Got that? Government is not allowed to throw you in jail if you don't go to church. Whew! But school prayer, the Ten Commandments looming behind the teacher or judge? A-OK.

That's the mindset that Newdow wanted to change.

Posted by Daniel Radosh


I'm afraid you've got it wrong. Thomas is not being a fruitcake here, but rather is talking about an intractable tension in religion cases--the collision between the Free Exercise Clause and the Establishment Clause. The Free Exercise Clause says that Congress (and now via the 14th Amendment the states) cannot interfere in anyone's practice of religion, which of course includes being non-religious (agnostic, atheist). The Establishment Clause states that Congress shall not pass any law respecting the establishment of religion (which has also been applied to the states--which Thomas disagrees with). The problem under the current cases is that allowing the majority to freely practice their religion (Christianity) in public or at civic functions starts to look like establishment of an official religion. However, any law to ban expression of religion at schools, parades, etc. necessarily violates the Free Exercise Clause. Hence the mess that is the Supreme Court's jurisprudence on these issues. Thomas' view, which is quite intellectually respectable, is that the Establishment Clause only applies to the United States, and only restricts practices which force people to do or not to do something; however, he thinks it should not restrict government officials, people in parades, teachers or anyone else from expressing their religious beliefs. Under the current law the free exercise of religion by individuals is banned on many occasions. To many people that is more offensive than being preached at by someone whose religious beliefs they disagree with.

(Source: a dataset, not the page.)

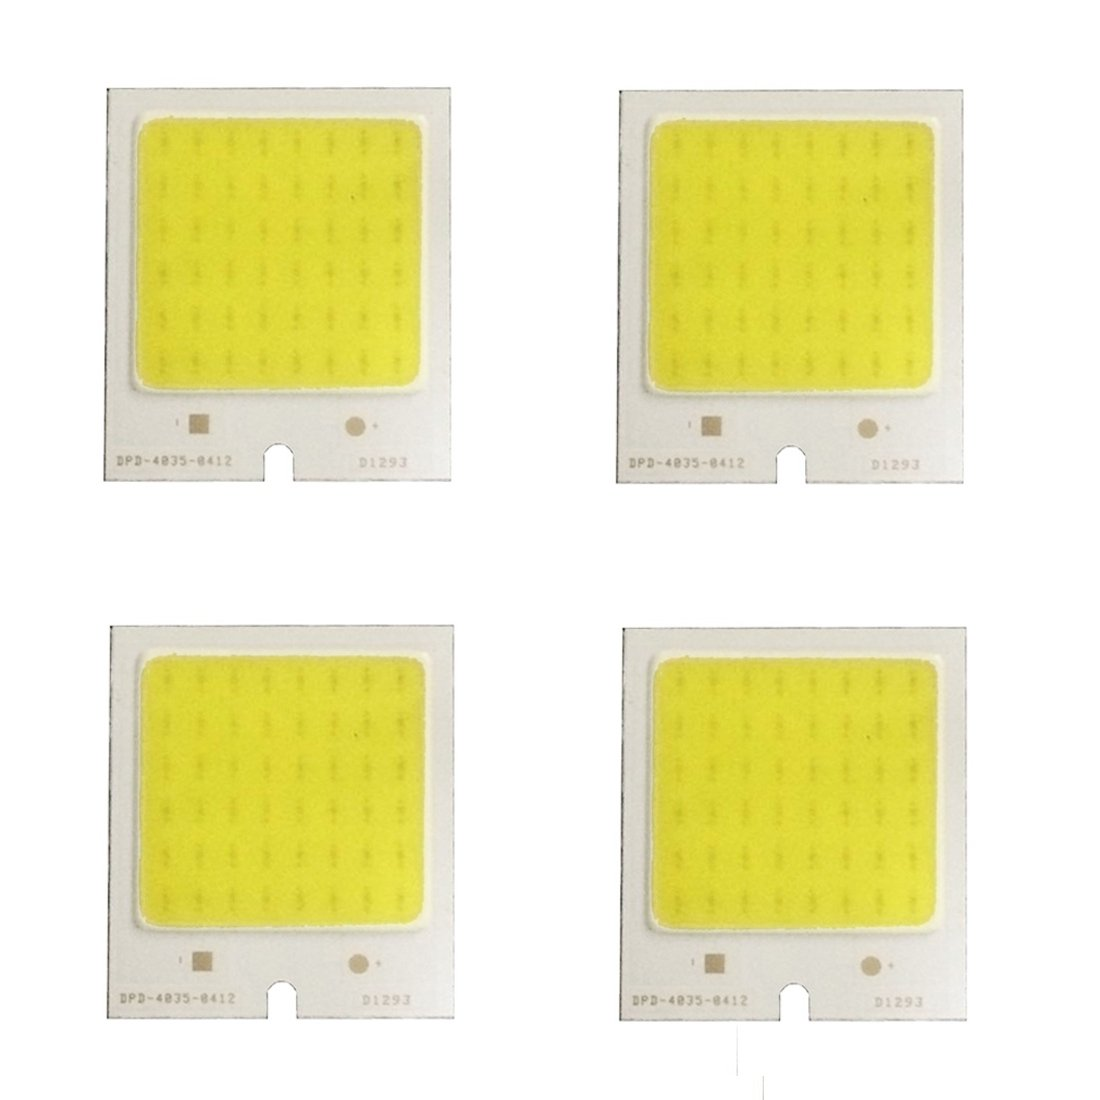 Lights Bulbs, 4 PCS YouOKLight 4W 480mA 6000K 48-LED COB Chip Beads Board Lamp, DC 12V ( Color : White Light )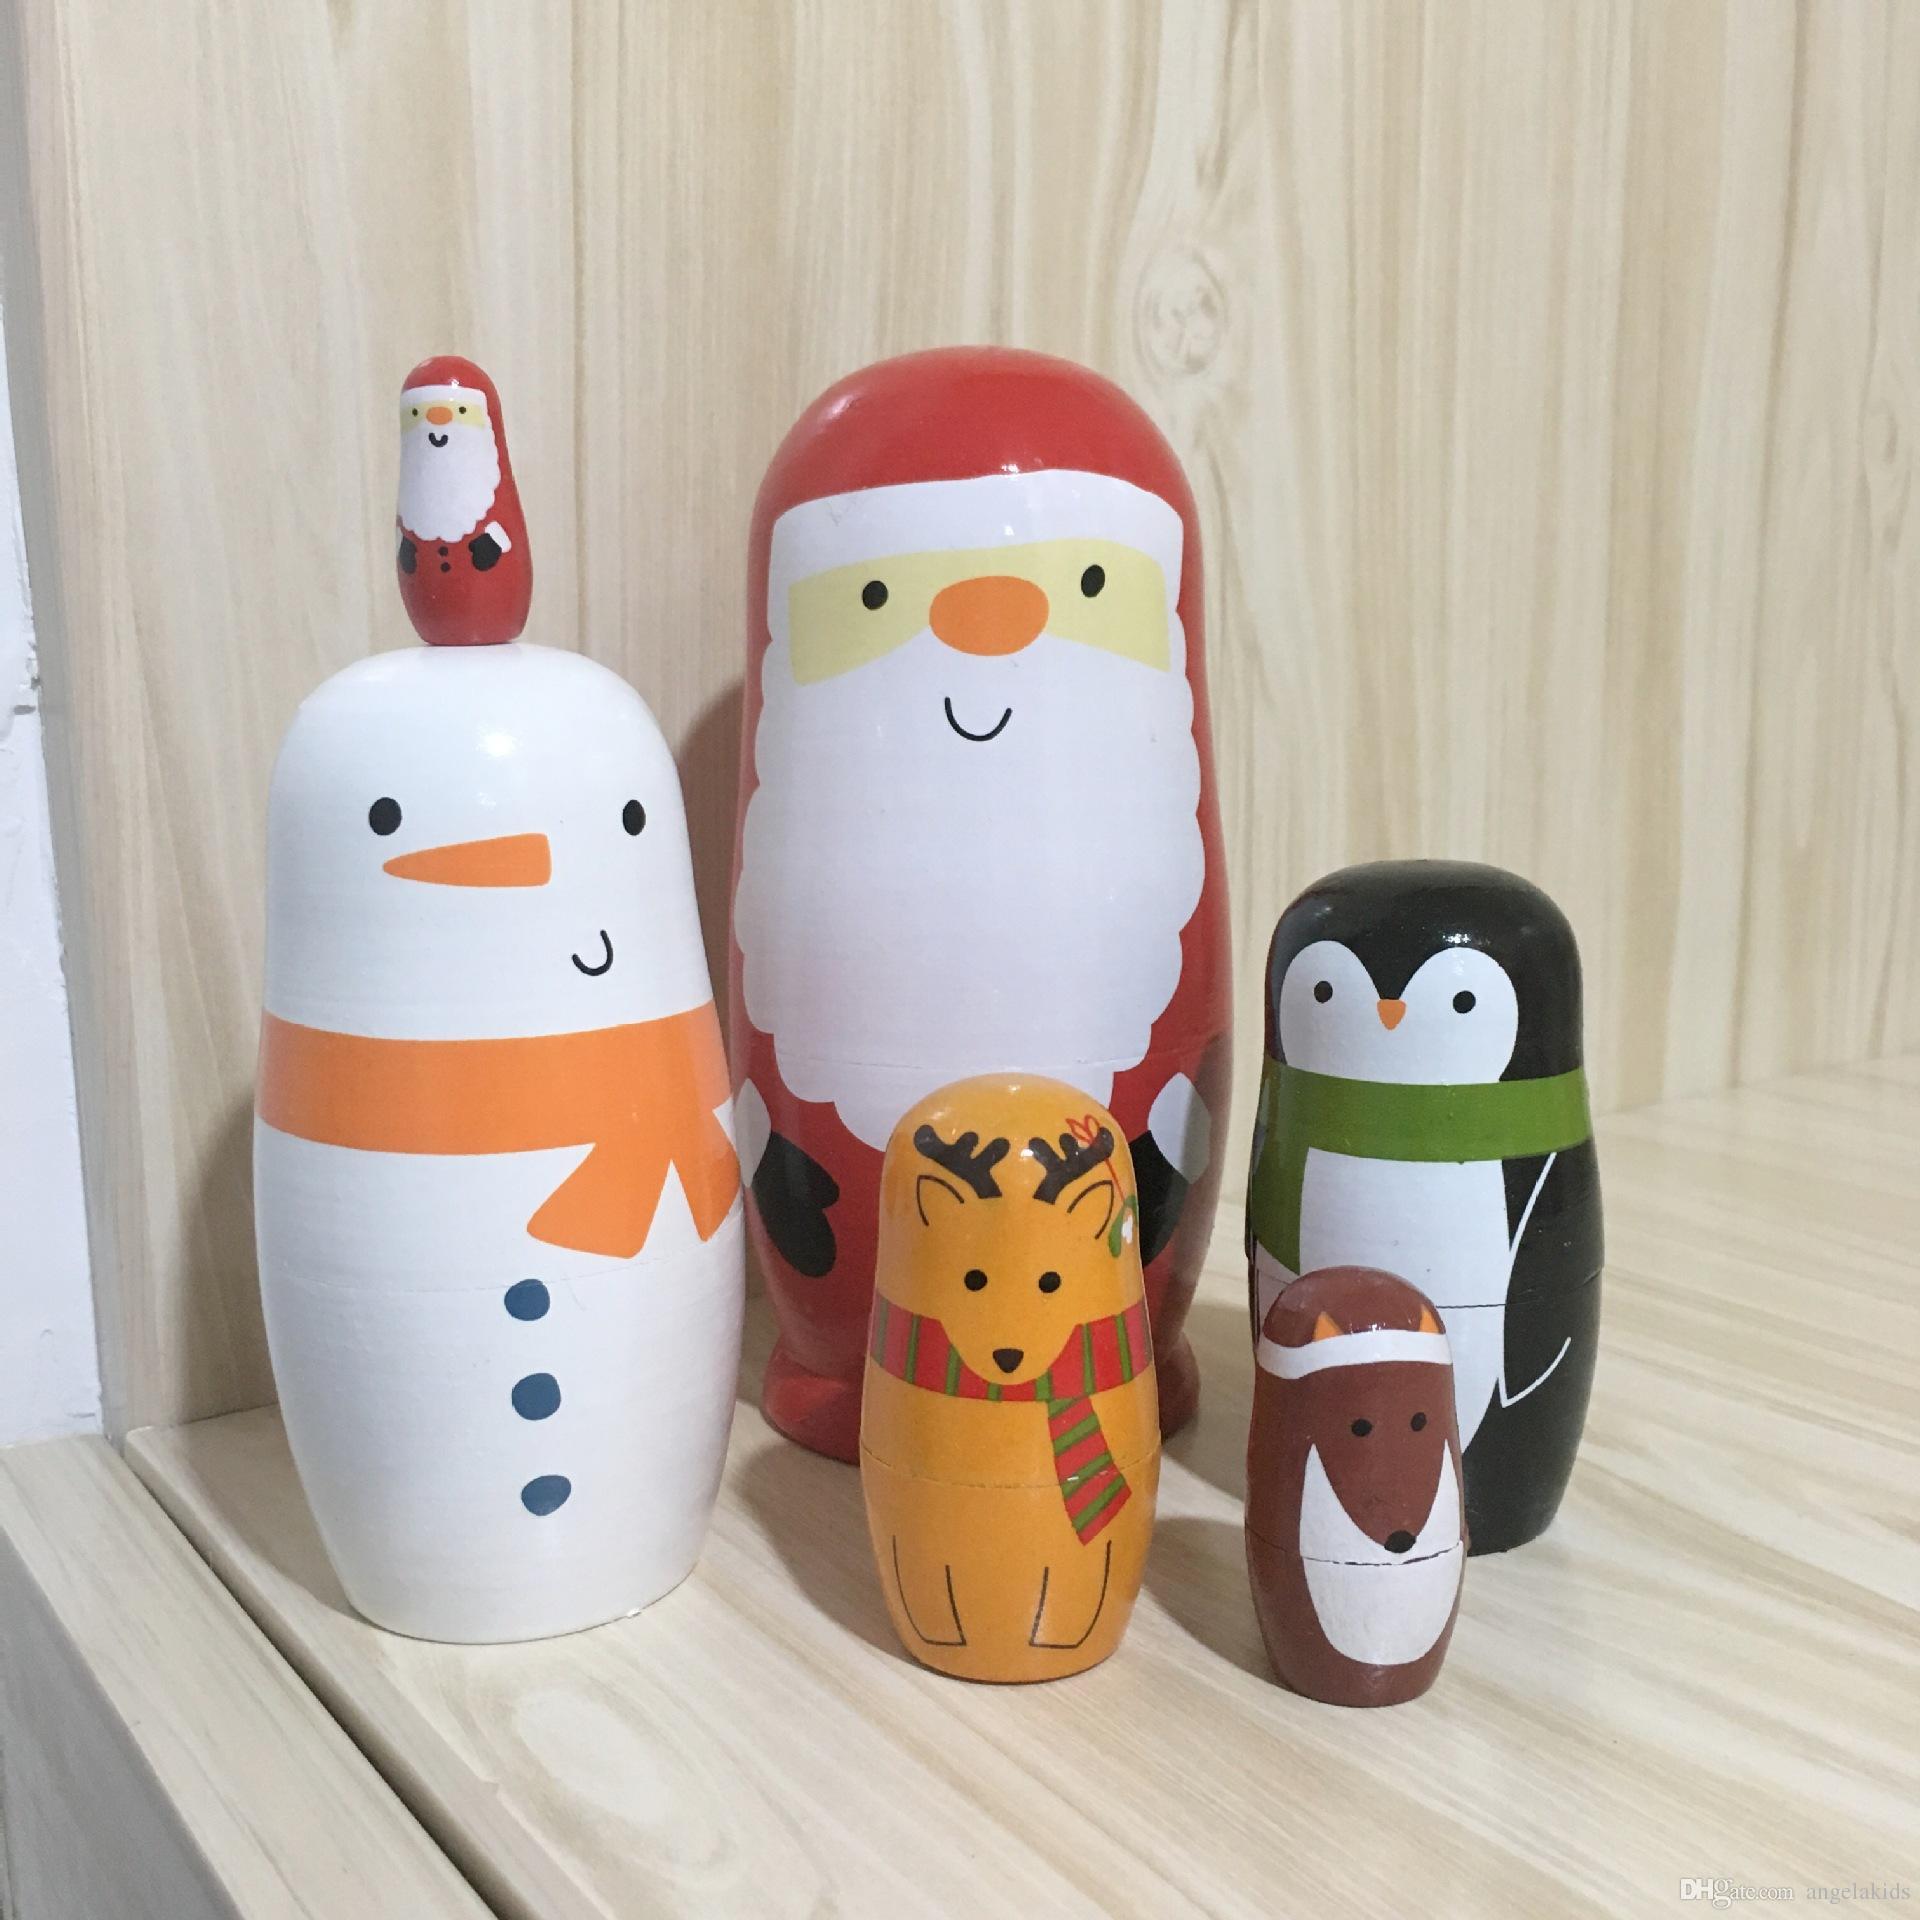 Russian Nesting Dolls Wooden Russian Nesting Dolls Matryoshka Handmade Animall Kids Toys Gift Nativity Decoration

Thanks. My lawyer friend Jared similarly explained why there's a legitimate historical argument that the Establishment Claus not be applied to the states, though he notes, "the California Constitution itself prohibits the establishment of religion by that state, as do most if not all state constitutions. That would have provided separate grounds for striking "under God" from the Pledge."

As for the thrust of Cy Borg's comment that the current interpretation of the law restricts "government officials, people in parades, teachers or anyone else from expressing their religious beliefs," I think it's possible to draw a line between individual expression and institutional endorsement. Teachers should be (and are) allowed to wear crosses, for example. Students should be (and are) allowed to read the Bible or pray in school of their own volition. But for an authority deputized by the school to lead students in a de facto mandatory (if technically voluntary) prayer or religious pledge crosses the line. I don't see how the free exercise of individual religion is restricted at all in these cases; all that is restricted is the enlisting of government to assist that exercise.

You've put your finger on the tough question. Can a teacher articulate his/her religious beliefs in class? Can a valedictorian at a graduation, on his/her initiative, lead a prayer? The answer under the current jurisprudence is probably "no", and you'd agree with that. Thomas goes the other way.

Though I don't think Thomas is off his rocker, I don't agree with him as a matter of policy. I like the strict separation of Church and State. What many of the nutters who get so upset about this issue don't realize is that it is the strict separation that has made the US the most god-fearing country in the world. Nothing kills faith like aligning religion with Caesar. It's one of the many revolutionary, clear and undisputable aspects of the teachings of Jesus that many refuse to acknowledge. However, it's something that I think the Framers, who were extremely well versed in theology and the bloody religious disputes regarding state sponsored religion, understood, and so while they might have drawn the line differently in terms of public expression of religion, I think they would agree that a strict separation is better for the faithful and the faithless.